Judgment, Supreme Court, New York County (Robert M. Stolz, J.), rendered July 21, 2010, as amended August 4, 2010, convicting defendant, after a jury trial, of predatory sexual assault against a child, and sentencing him to a term of 13 years to life, unanimously reversed, on the law, and the matter remanded for a new trial.
The court should not have permitted the psychiatrist who treated defendant to testify about defendant's admissions of sexual abuse. Although the psychiatrist made a proper disclosure of the abuse (see Tarasoff v Regents of Univ. of Cal., 17 Cal 3d 425, 431, 432, 435, 440-442, 551 P2d 334, 340, 341, 342-343, 346-348 [1976]; People v Bierenbaum, 301 AD2d 119, 141-142 [1st Dept 2002], lv denied 99 NY2d 626 [2003], cert denied 540 US 821 [2003]), the Tarasoff disclosure did not operate as a waiver of the physician-patient privilege (see United States v Hayes, 227 F3d 578 [6th Cir 2000]; but see United States v Auster, 517 F3d 312 [5th Cir 2008], cert denied 555 US 840 [2008]).
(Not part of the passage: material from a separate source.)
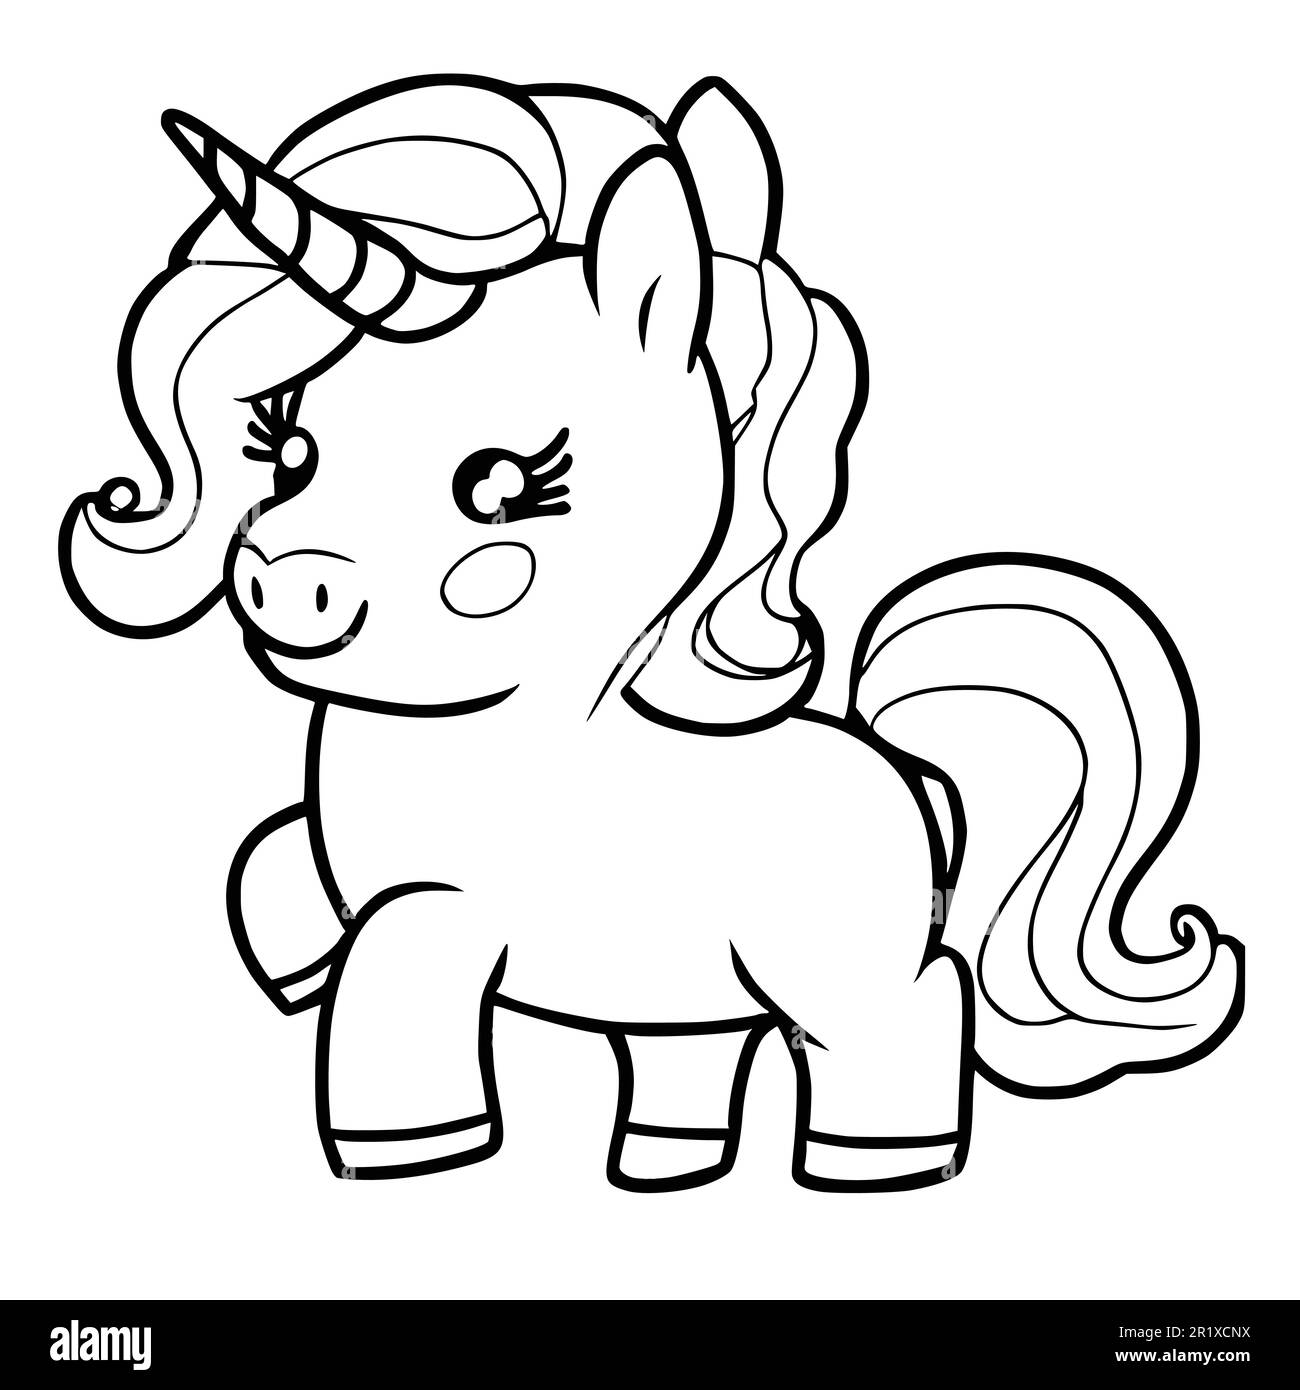 Cute Unicorn Coloring Pages for Kids Stock Vector
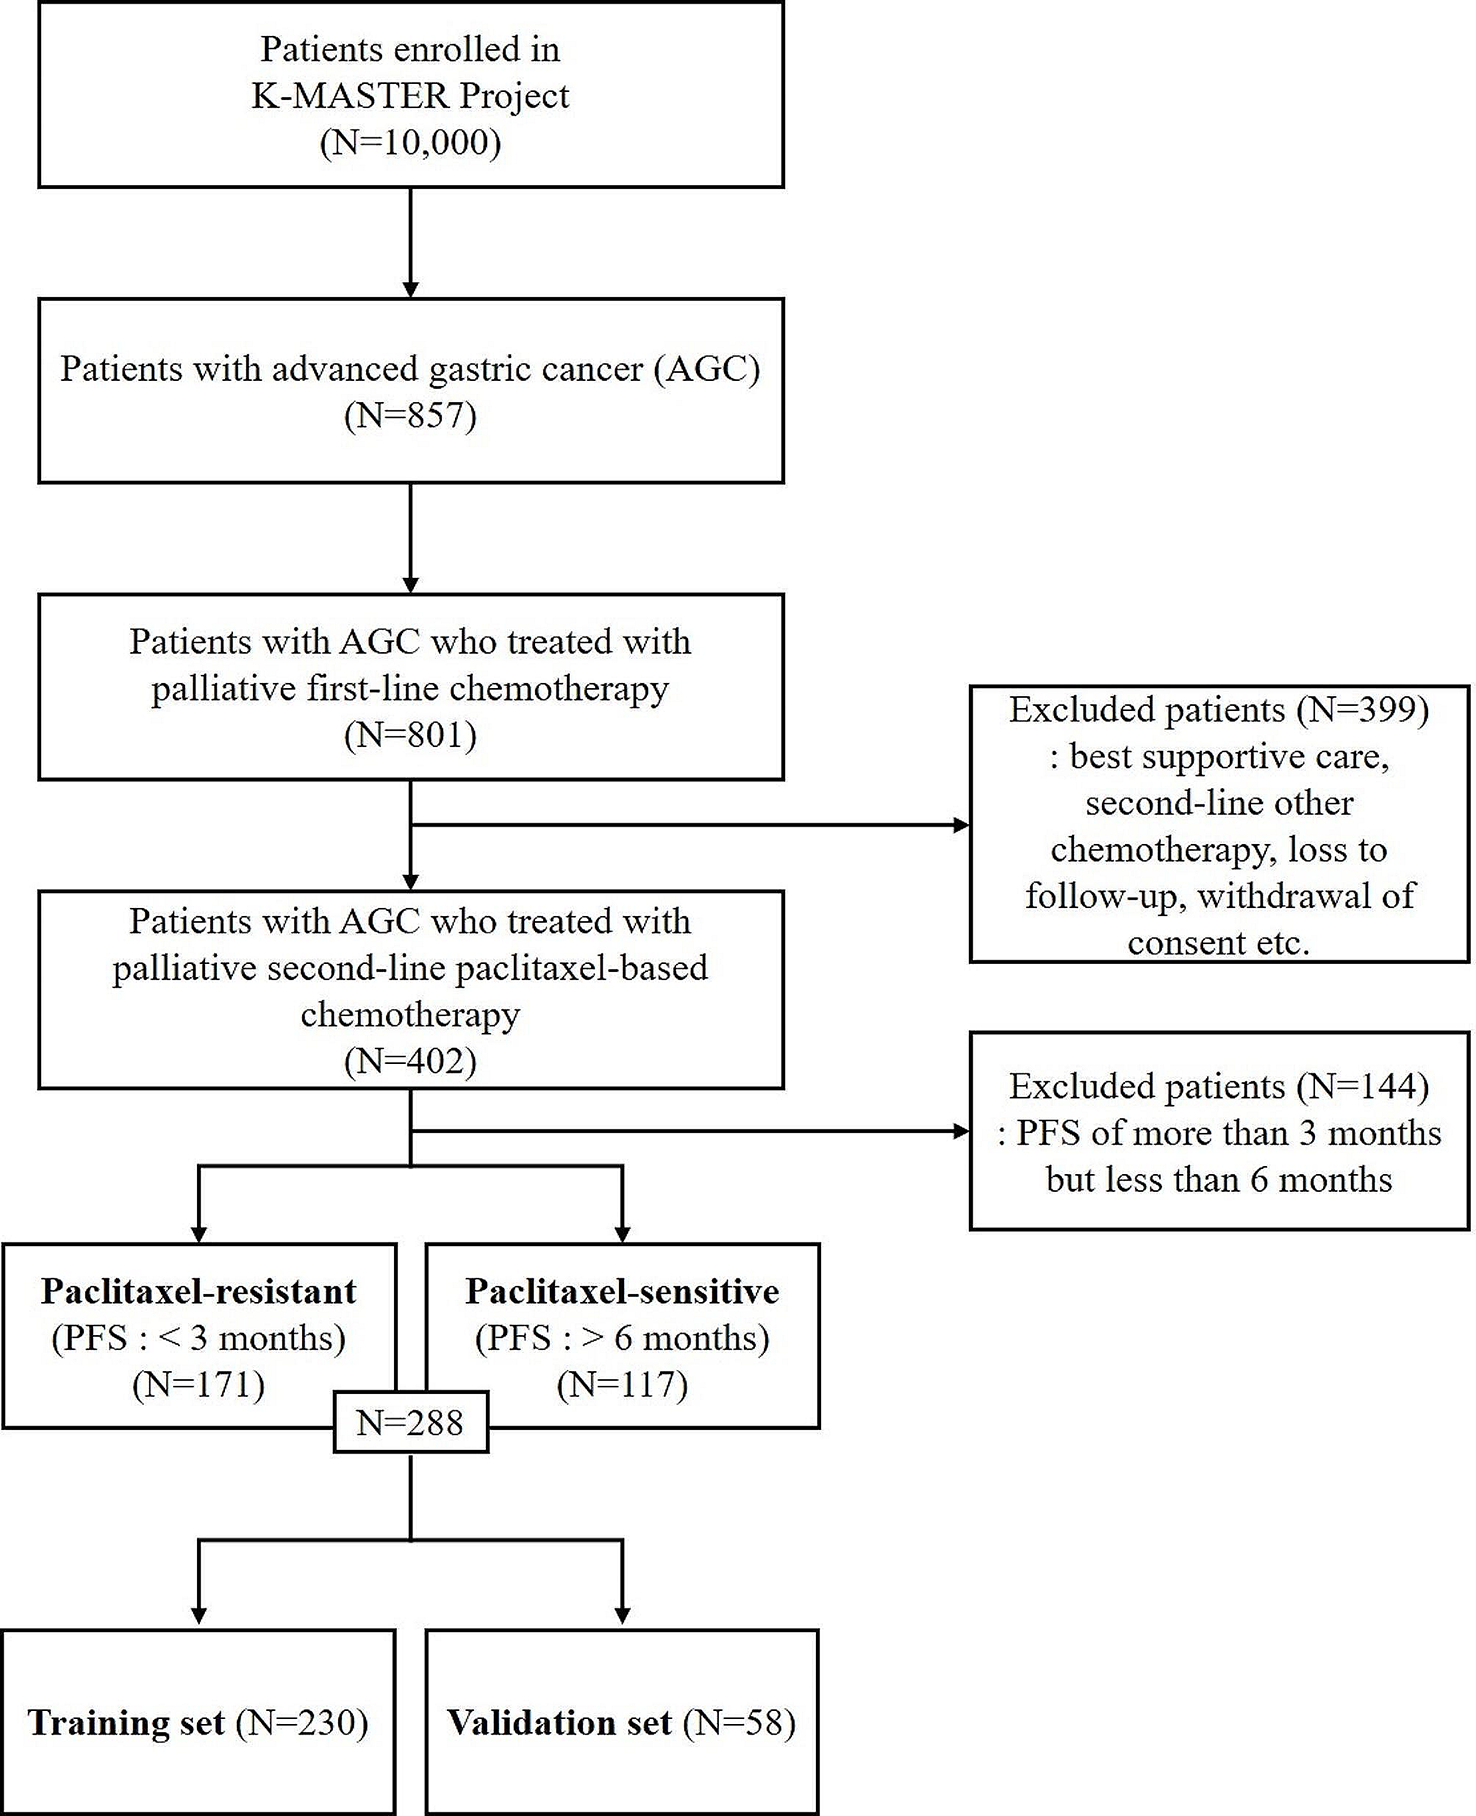 Integrated clinical and genomic models using machine-learning methods to predict the efficacy of paclitaxel-based chemotherapy in patients with advanced gastric cancer

This privilege (see CPLR 4504) is broadly construed, and it does not contain a general public interest exception (see People v Sinski, 88 NY2d 487, 494-495 [1996]). We note that Bierenbaum did not involve testimony by the defendant's psychiatrist.
In this case, the psychiatrist's testimony was arguably the most damaging evidence against defendant, and we do not find its admission to be harmless.
In light of this determination, we find it unnecessary to reach any other issues. Concur—Andrias, J.P., Friedman, Moskowitz, Freedman and Manzanet-Daniels, JJ.